### EXERCISE MATERIALS
Start of Block

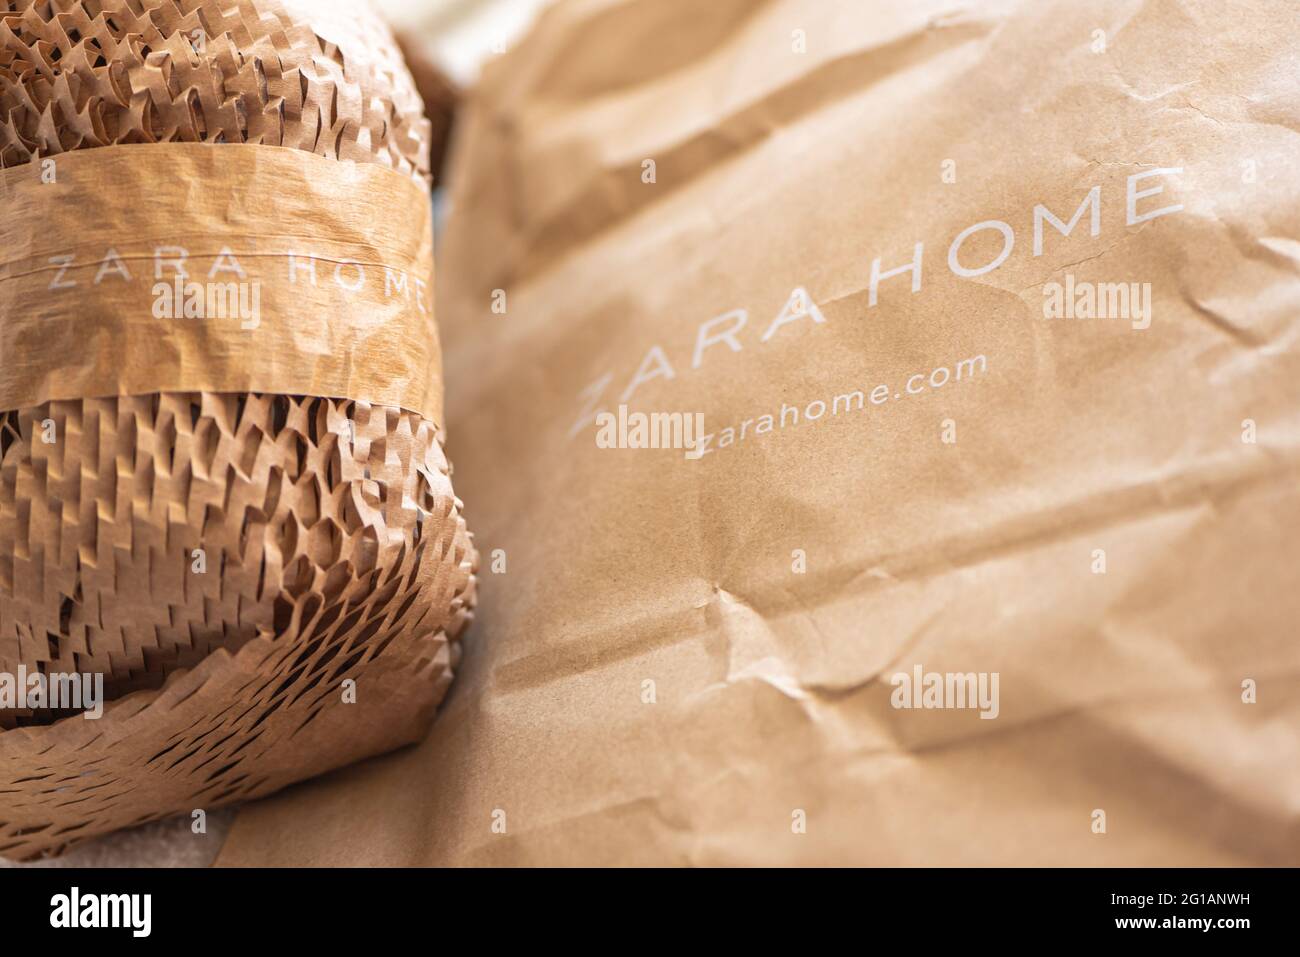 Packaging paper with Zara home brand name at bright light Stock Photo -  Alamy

End of Block
Start of Block

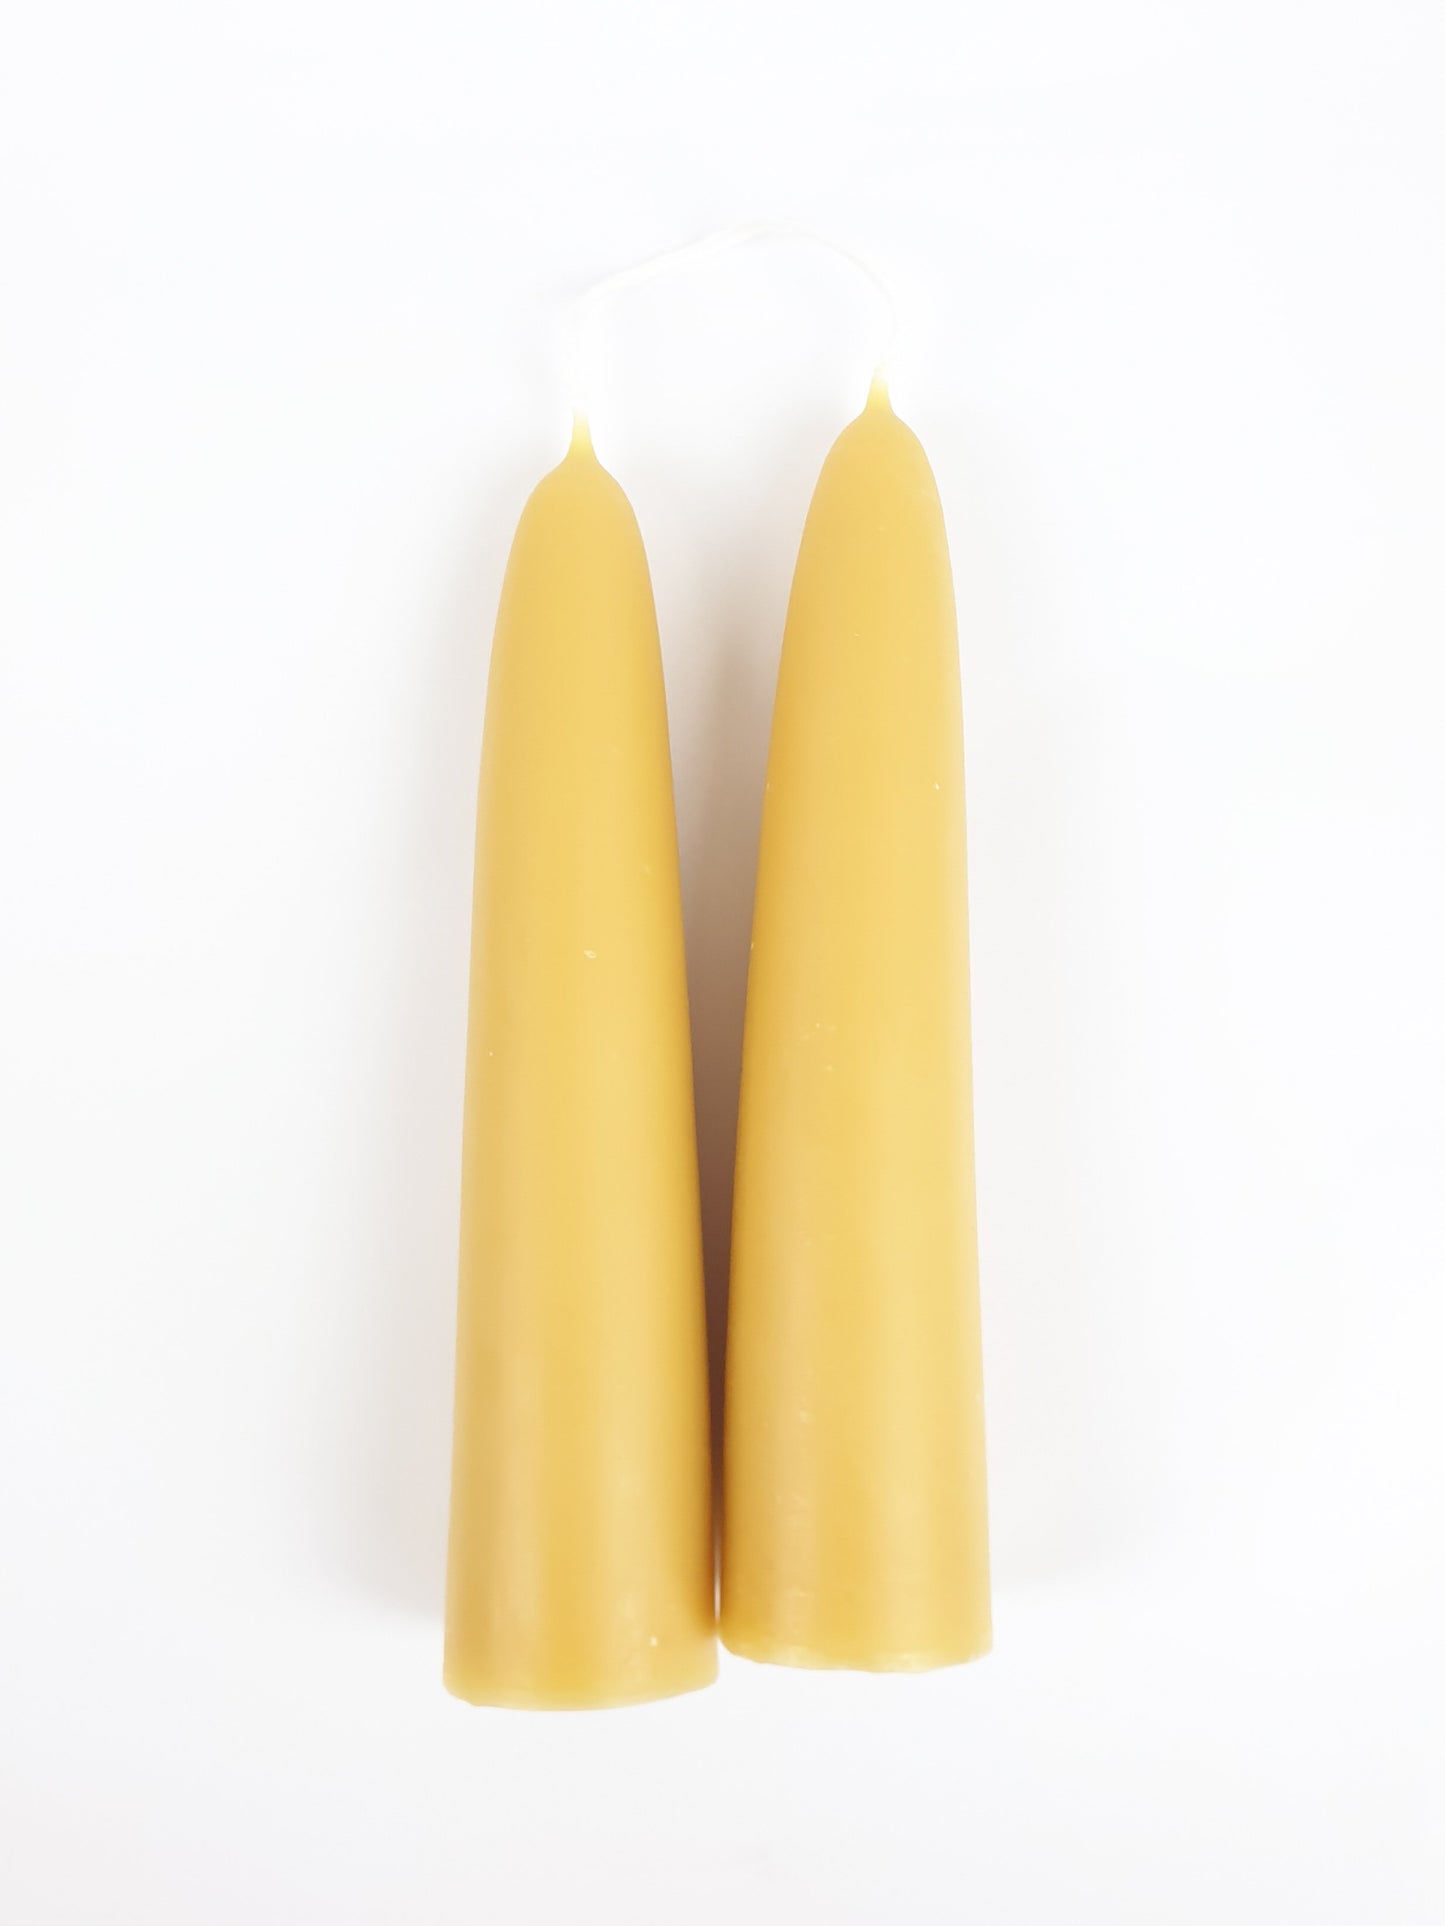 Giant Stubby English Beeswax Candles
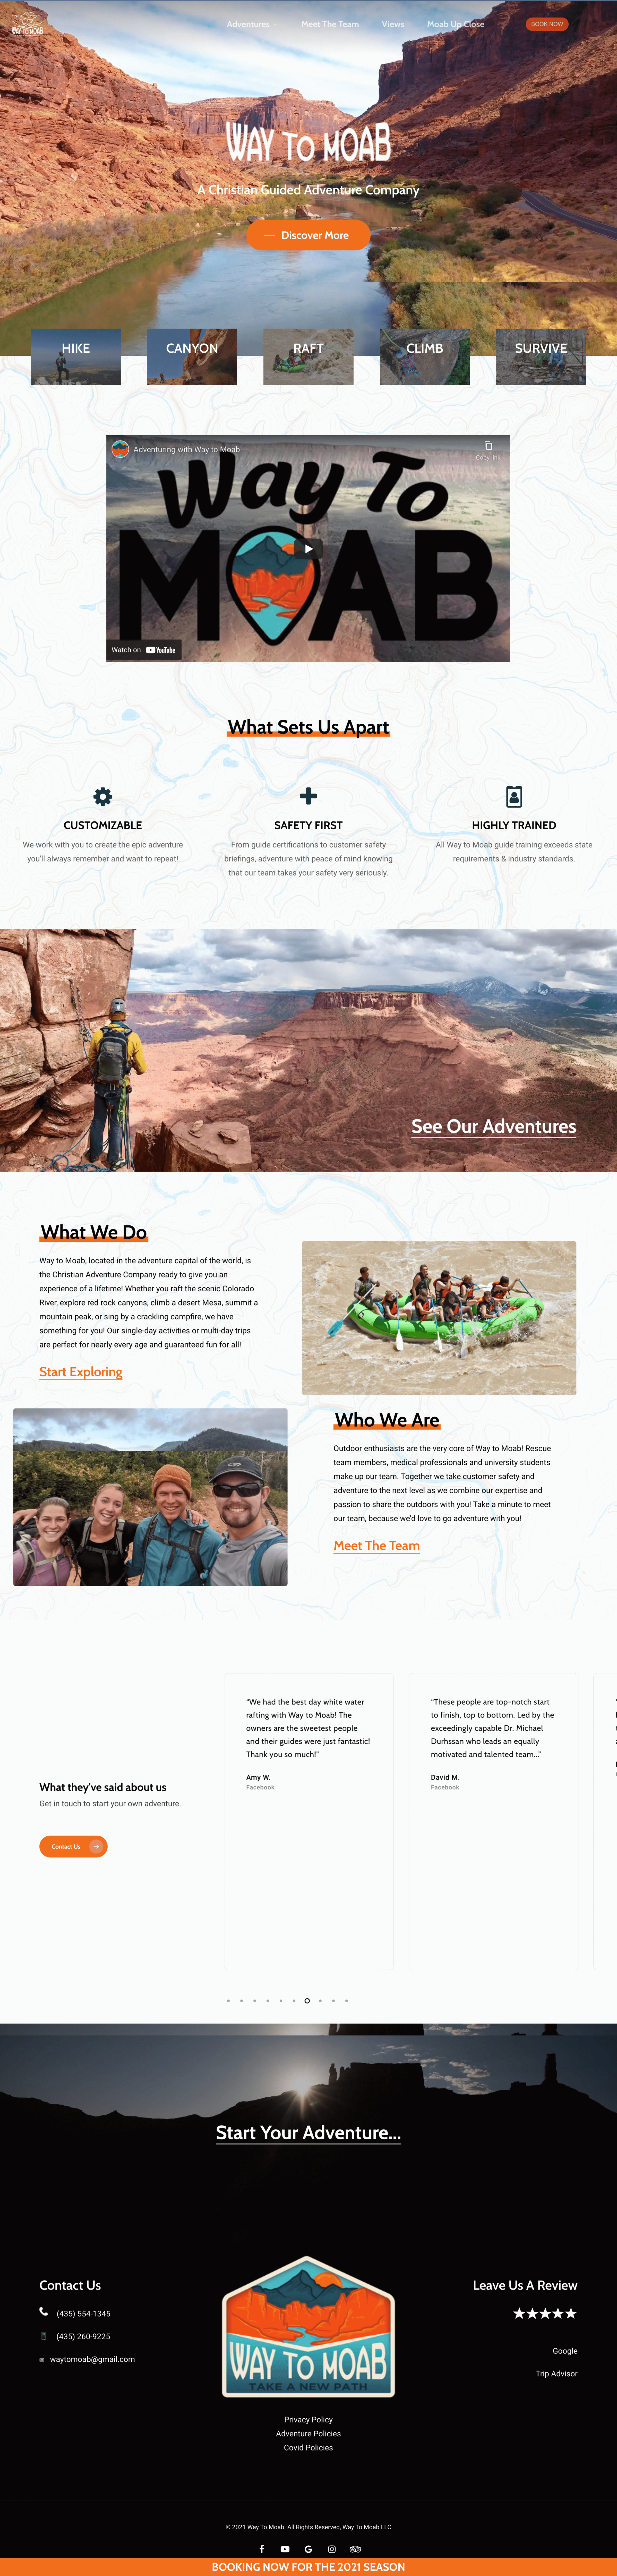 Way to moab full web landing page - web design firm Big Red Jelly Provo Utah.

End of Block

### PROBLEM DETAILS
In the records above, find the line containing "Giant Stubby English Beeswax Candles" and the line containing "Way to moab", then give both of them again word for word along with every line between. Omit any pictures.

### WRITTEN SOLUTION
 Giant Stubby English Beeswax Candles
 Way to moab full web landing page - web design firm Big Red Jelly Provo Utah.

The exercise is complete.